Importance: Elevated blood lead level is associated with serious, often irreversible, health consequences.
Objective: To synthesize evidence on the effects of screening, testing, and treatment for elevated blood lead level in pregnant women and children aged 5 years and younger in the primary care setting to inform the US Preventive Services Task Force.
Data sources: Cochrane CENTRAL and Cochrane Database of Systematic Reviews (through June 2018) and Ovid MEDLINE (1946 to June 2018); surveillance through December 5, 2018.
Study selection: English-language trials and observational studies of screening for and treating elevated lead levels in asymptomatic children and pregnant women.
Data extraction and synthesis: Independent critical appraisal and data abstraction by 2 reviewers using predefined criteria.
Main outcomes and measures: Elevated blood lead level, morbidity, mortality, clinical prediction tools, test accuracy, adverse events.

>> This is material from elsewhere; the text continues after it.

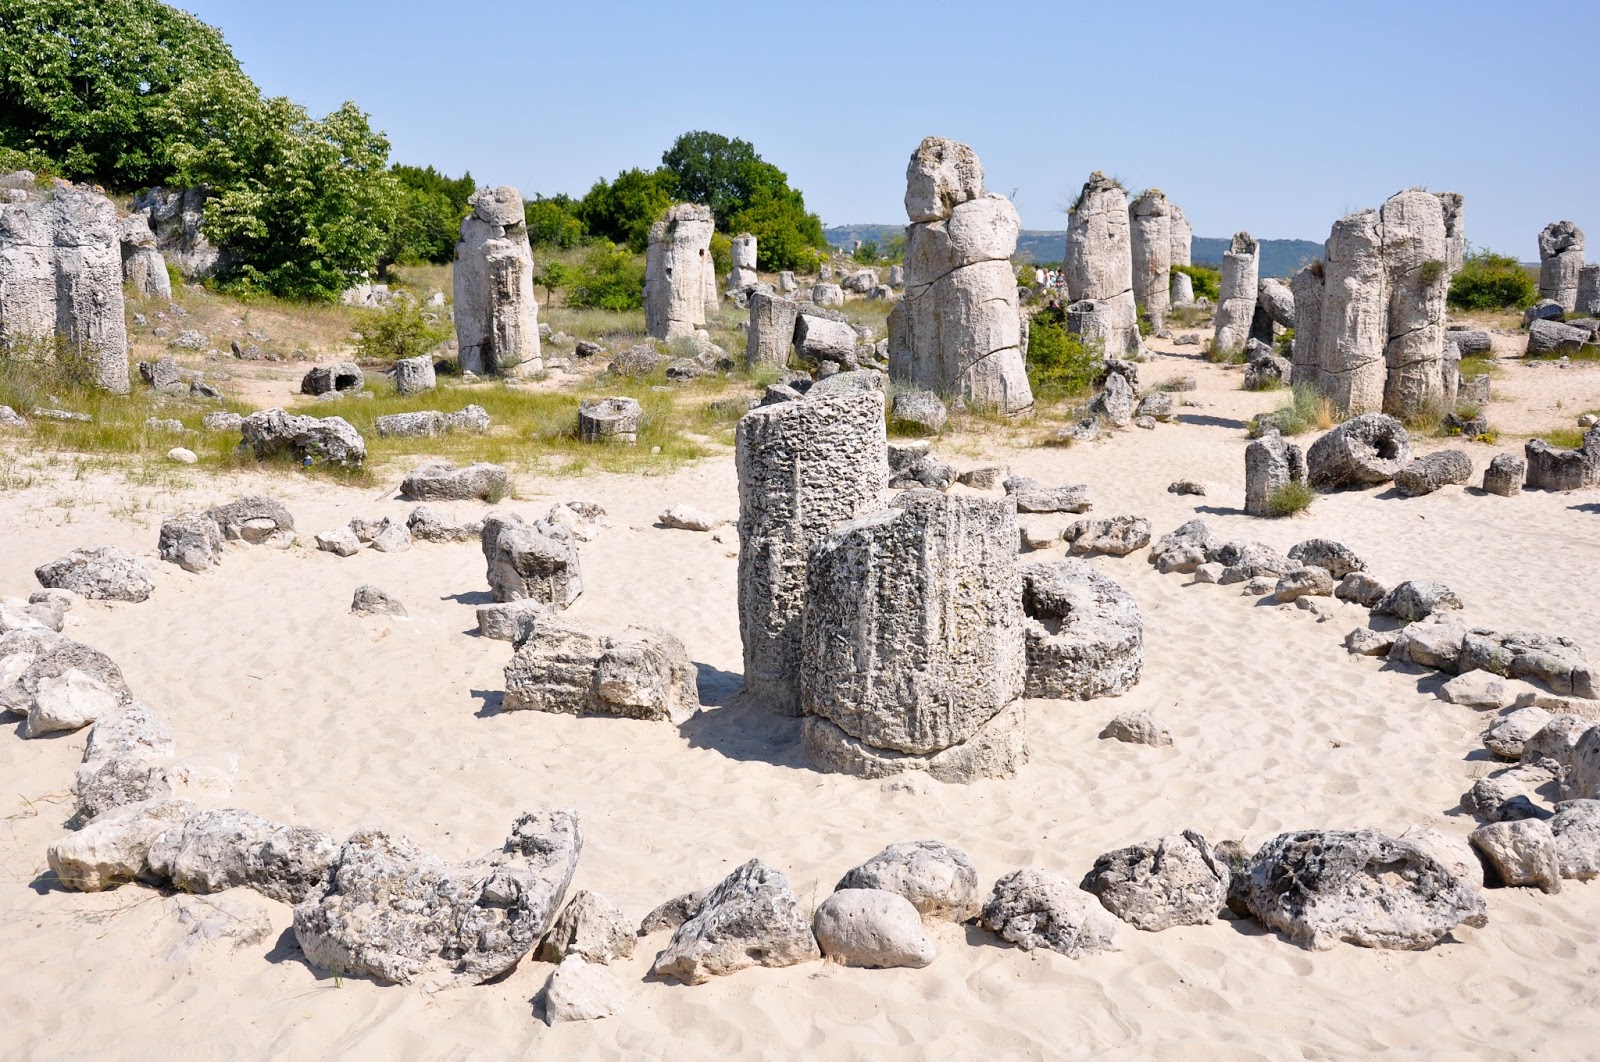 A view from the Magic Circle, The Stone Forest, Varna, Bulgaria

Results: A total of 24 studies (N = 11 433) were included in this review. No studies evaluated the benefits or harms of screening vs no screening in children. More than 1 positive answer on the 5-item 1991 Centers for Disease Control and Prevention (CDC) screening questionnaire was associated with a pooled sensitivity of 48% (95% CI, 31.4% to 65.6%) and specificity of 58% (95% CI, 39.9% to 74.0%) for identifying children with a venous blood lead level greater than 10 μg/dL (5 studies [n = 2265]). Adapted versions of the CDC questionnaire did not demonstrate improved accuracy. Capillary blood lead testing demonstrated sensitivity of 87% to 91% and specificity greater than 90%, compared with venous measurement (4 studies [n = 1431]). Counseling and nutritional interventions or residential lead hazard control techniques did not reduce blood lead concentrations in asymptomatic children, but studies were few and had methodological limitations (7 studies [n = 1419]). One trial (n = 780) of dimercaptosuccinic acid (DMSA) chelation therapy found reduced blood lead levels in children at 1 week to 1 year but not at 4.5 to 6 years, while another trial (n = 39) found no effect at 1 and 6 months. Seven-year follow-up assessments showed no effect on neuropsychological development, a small deficit in linear growth (height difference, 1.17 cm [95% CI, 0.41 to 1.93]), and poorer cognitive outcomes reported as the Attention and Executive Functions subscore of the Developmental Neuropsychological Assessment (unadjusted difference, -1.8 [95% CI, -4.5 to 1.0]; adjusted P = .045) in children treated with DMSA chelation. Evidence was too limited to determine the accuracy of screening questionnaires or benefits and harms of treatment in pregnant women.
Conclusions and relevance: Screening questionnaires were not accurate for identifying children with elevated blood lead levels. Chelating agents in children were not significantly associated with sustained effects on blood level levels but were associated with harms.